View larger version (39K): [in this window] [in a new window]   Fig. 3. Rac1, PAK1, and JNK activities are stimulated by serum treatment and inhibited by DN Rac1. A, endogenous Rac1 activity is stimulated by serum treatment. U373 cells grown in serum-free medium overnight were treated with 10% serum (+S) for 20 min. Extracts were precipitated with a GST fusion protein containing the Rac-binding domain of PAK1 that binds only activated (GTP-bound) Rac1, and the activated Rac1 is detected in Western blots using anti-Rac1. The negative control represents cell lysate containing inactive GDP-bound Rac1, and the positive control represents cell lysate containing activated GTP-bound Rac1. B, serum stimulates the activity of the Rac1 substrate PAK1, and DN Rac1 inhibits this activity. U373 cells were infected with DN Rac1 (100 MOI), and cell lysates were immunoprecipitated with anti-PAK1. PAK1 activity was measured by immunocomplex kinase assays using MBP as an exogenous substrate. Shown is the phosphorylation of MBP by PAK1, quantified by measuring the amount of phosphorylated MBP compared with total immunoprecipitated PAK1. C, serum stimulates the activity of the Rac1 substrate JNK, and DN Rac1 inhibits this activity. U87, U373, and U343 cells grown in serum-free medium overnight were treated with 10% serum for 20 min. Cells were lysed, and equivalent amounts of protein from cells were assessed for activation of JNK using anti-phospho-JNK in Western blots. As controls, the blots were probed with anti-JNK to detect total JNK or with anti-c-myc to detect the c-myc epitope tag on DN Rac1. The arrows point to JNK 1, 2, and an unidentified JNK (JNKX) stimulated by serum treatment. The graphs show quantification of phosphorylated JNK as compared with total JNK. D, DN Rac1 inhibits the kinase activity of JNK. U373 cells infected with DN Rac1 or uninfected cells were grown in serum-free medium overnight and treated with 10% serum for 20 min. JNK activity was measured by assessing the ability of immunoprecipitated JNK to phosphorylate its substrate, c-jun, in vitro. Cells were also infected with constitutively activated MEKK (MEKK*), an activator of JNK, as a control.

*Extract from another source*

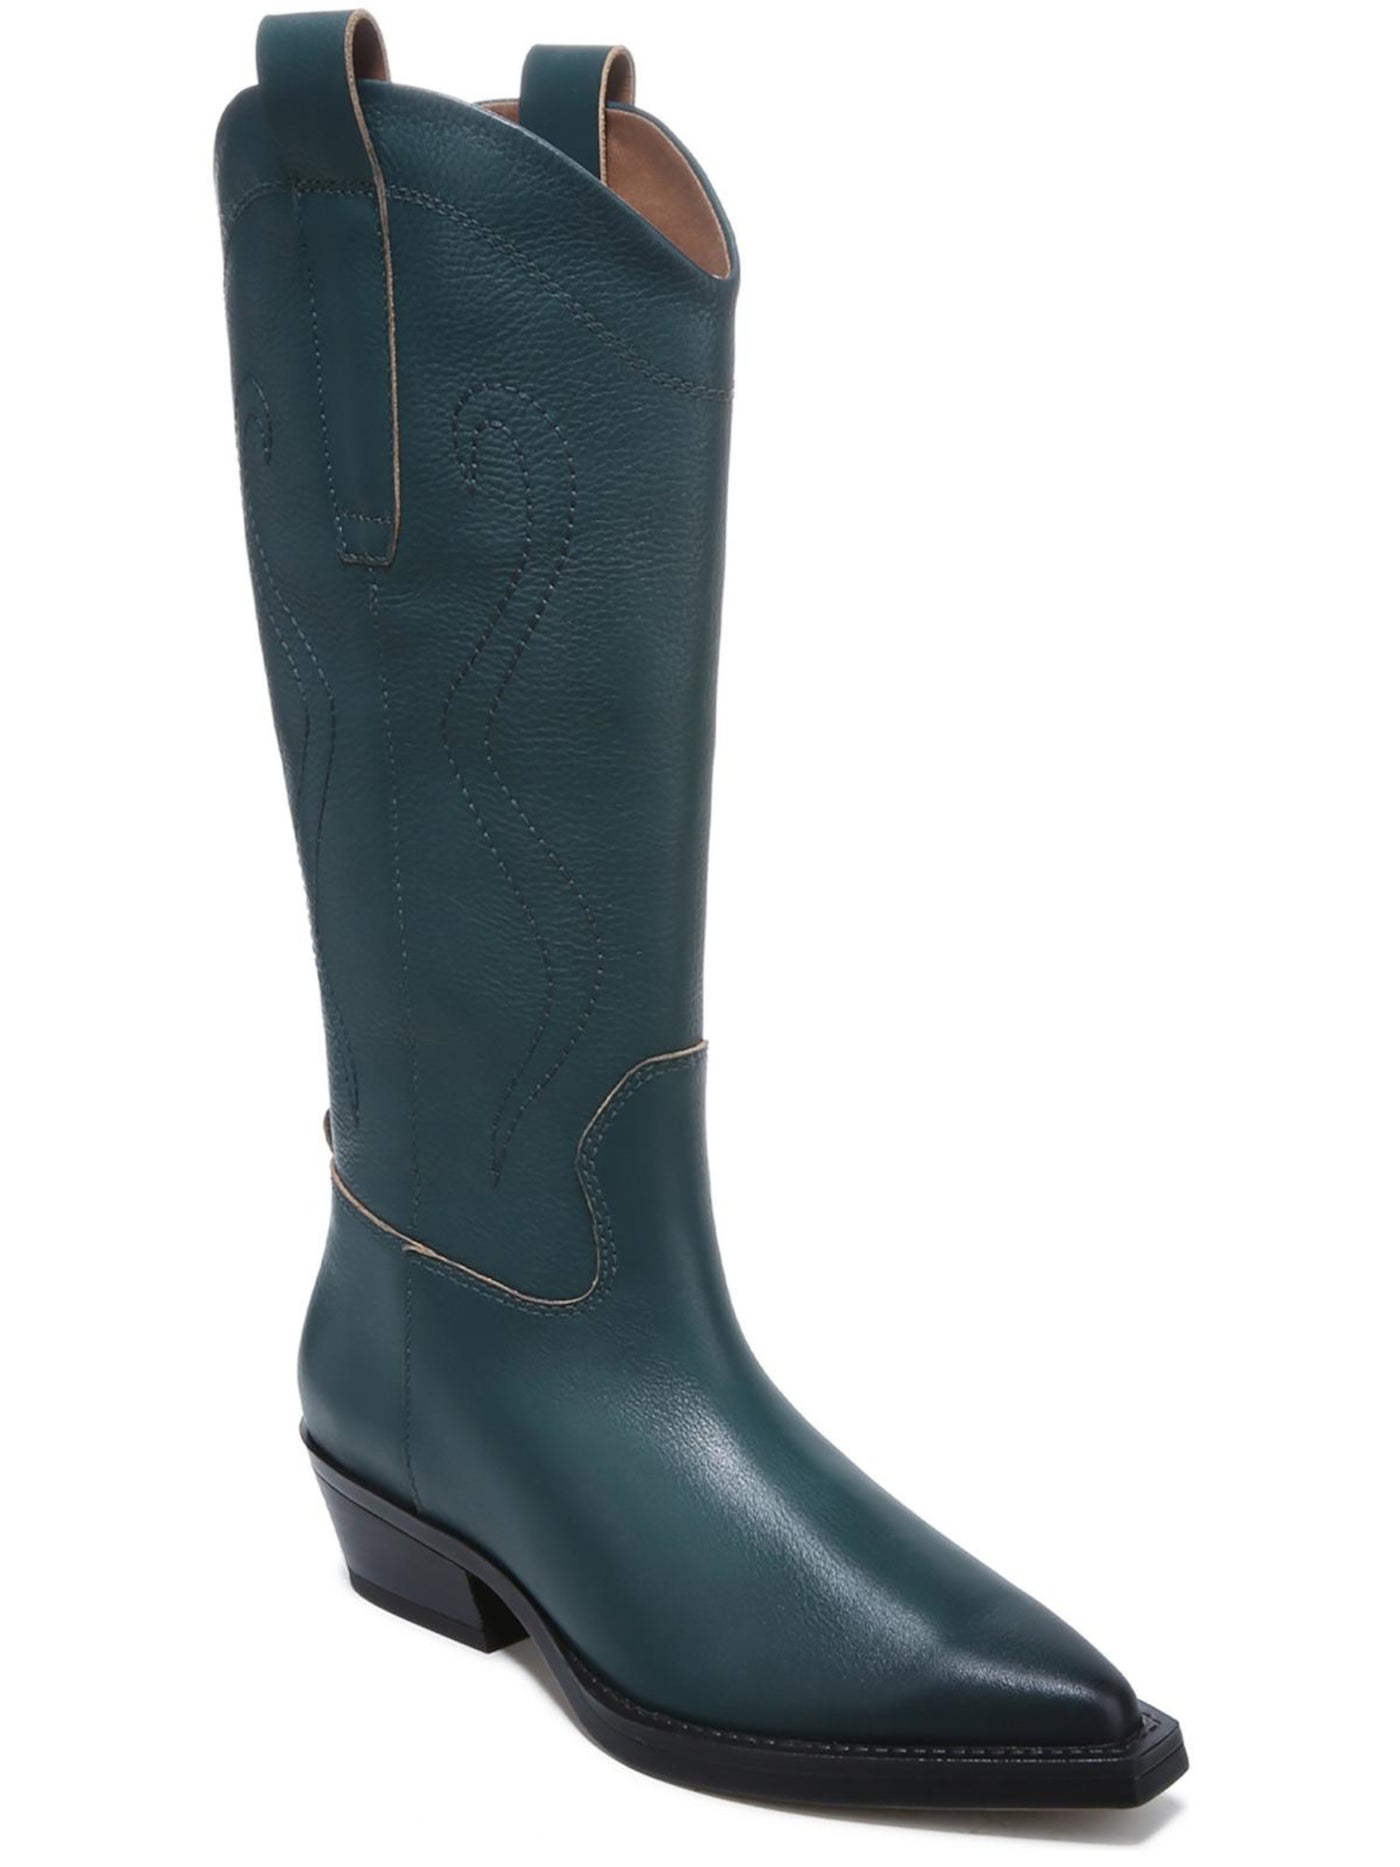 FRANCO SARTO Womens Teal Zipper Accent Liandra Pointed Toe Block Heel Leather Cowboy Boots 5 M

View larger version (34K): [in this window] [in a new window]   Fig. 4. DN Rac1 induces apoptosis in primary human glioma. Dissociated tumor cells from a primary human glioblastoma multiforme (p53 mutated; A) and three primary human oligodendrogliomas (B) were plated and 24 h later infected with 50 MOI of DN Rac1 adenovirus or control GFP or KD-TrkA adenovirus. Two days after infection, cultures were assayed for cell death by TUNEL or cell death ELISA. A, primary human glioblastoma multiforme immunostained for GFAP, an astrocyte marker (green) and TUNEL (red). a, the cells were also immunostained for p53 (red). b–d, TUNEL staining (red) following uninfected (b), infection with control KD-TrkA (c), and infection with DN Rac1 (d). B, primary human oligodendrogliomas were uninfected (a–c) or infected with DN Rac1 (d–f). Cells were stained with Hoechst dye (green) to visualize the nuclei of cells and TUNEL (red). Apoptosis was quantified in a cell death ELISA of the three oligodendrogliomas (g–i) after mock infection (no virus) with control KD-TrkA or GFP virus or infection with DN Rac1. Bars, SD.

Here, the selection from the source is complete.